Table: Error Log Output Sample
Error Text |
Allowed Text |
Message |
Date |
error example |
allowed tag |
This is a sample error message |
2023-01-01 12:30:00 |
Performance Metrics
- It includes metrics such as the number of records checked, elapsed time per check, and frequency of error log entries over time.
Execution Procedures
- The dbscripts involved in this job create necessary local temporary and history tables such as error_log_histr_tab, error_log_err_histr_tab, and error_log_aggr_test_tab among others. These tables facilitate the logging and cyclical analysis of errors over different executions.
Automation and Alerts
- The monitoring job can trigger alerts based on the severity and type of error encountered. Parameters such as ‘return status’ might change based on the found errors which can lead to different alert statuses: ALARM, WARNING, or OK.

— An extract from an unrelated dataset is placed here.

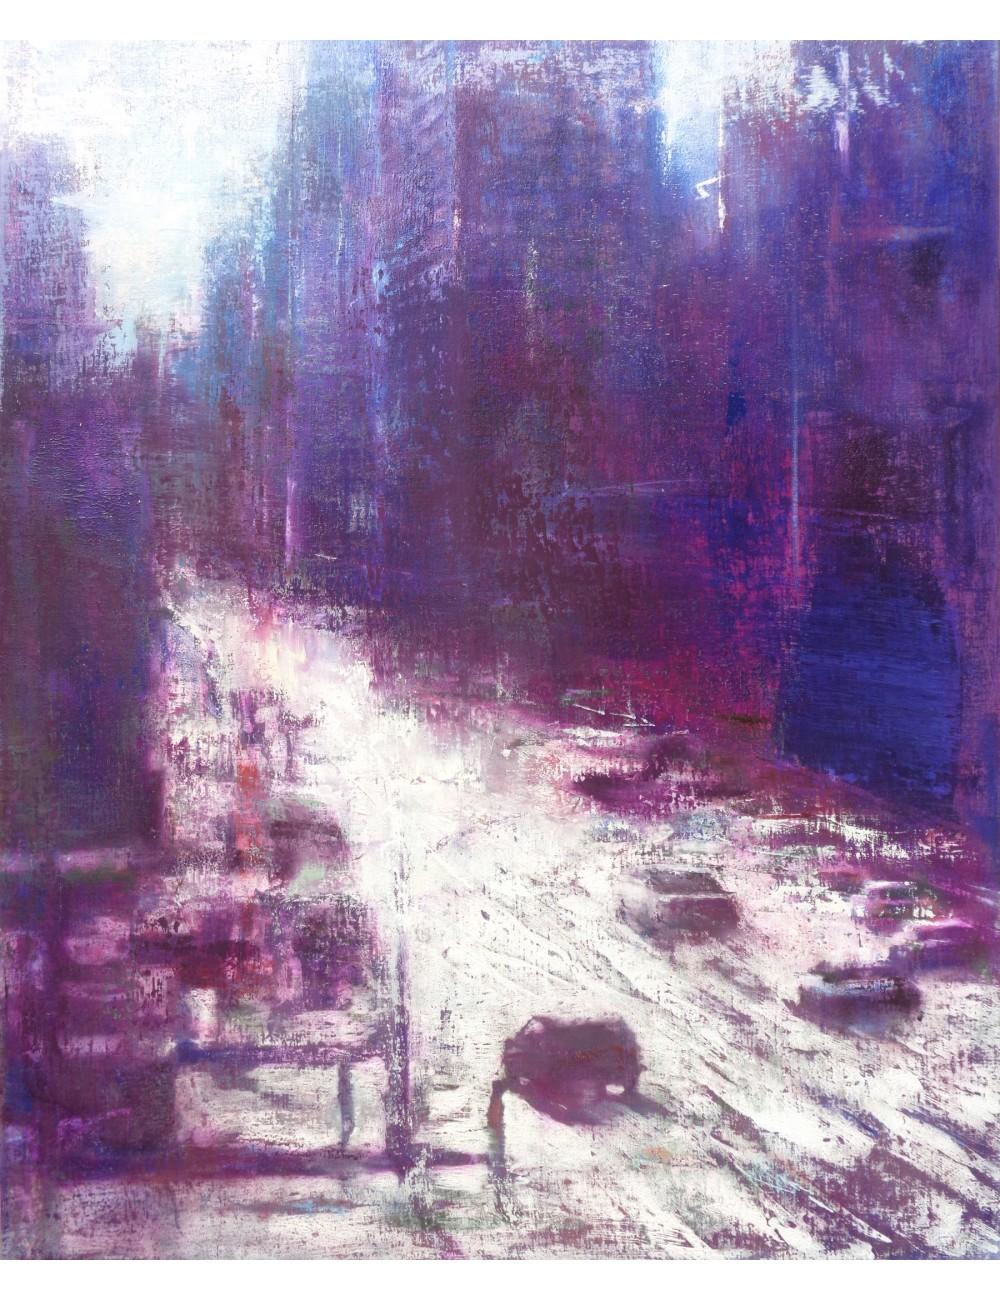 Neige III, 2018 peinture de Régis Rizzo

- The job is also equipped with mechanisms to handle and log exceptions during the execution, ensuring that any job execution issues are captured for troubleshooting.
Dependencies and Cleanup
- Dependencies such as the main procedure ‘error_log_proc’ and associated tables are managed automatically with cleanup options configured to true, ensuring that temporary data used during execution does not persist unnecessarily.
Future Enhancements
- Potential future enhancements may include more granular parameterization of error texts or integration with more advanced AI-based analysis tools for predictive error handling and automated error resolutions.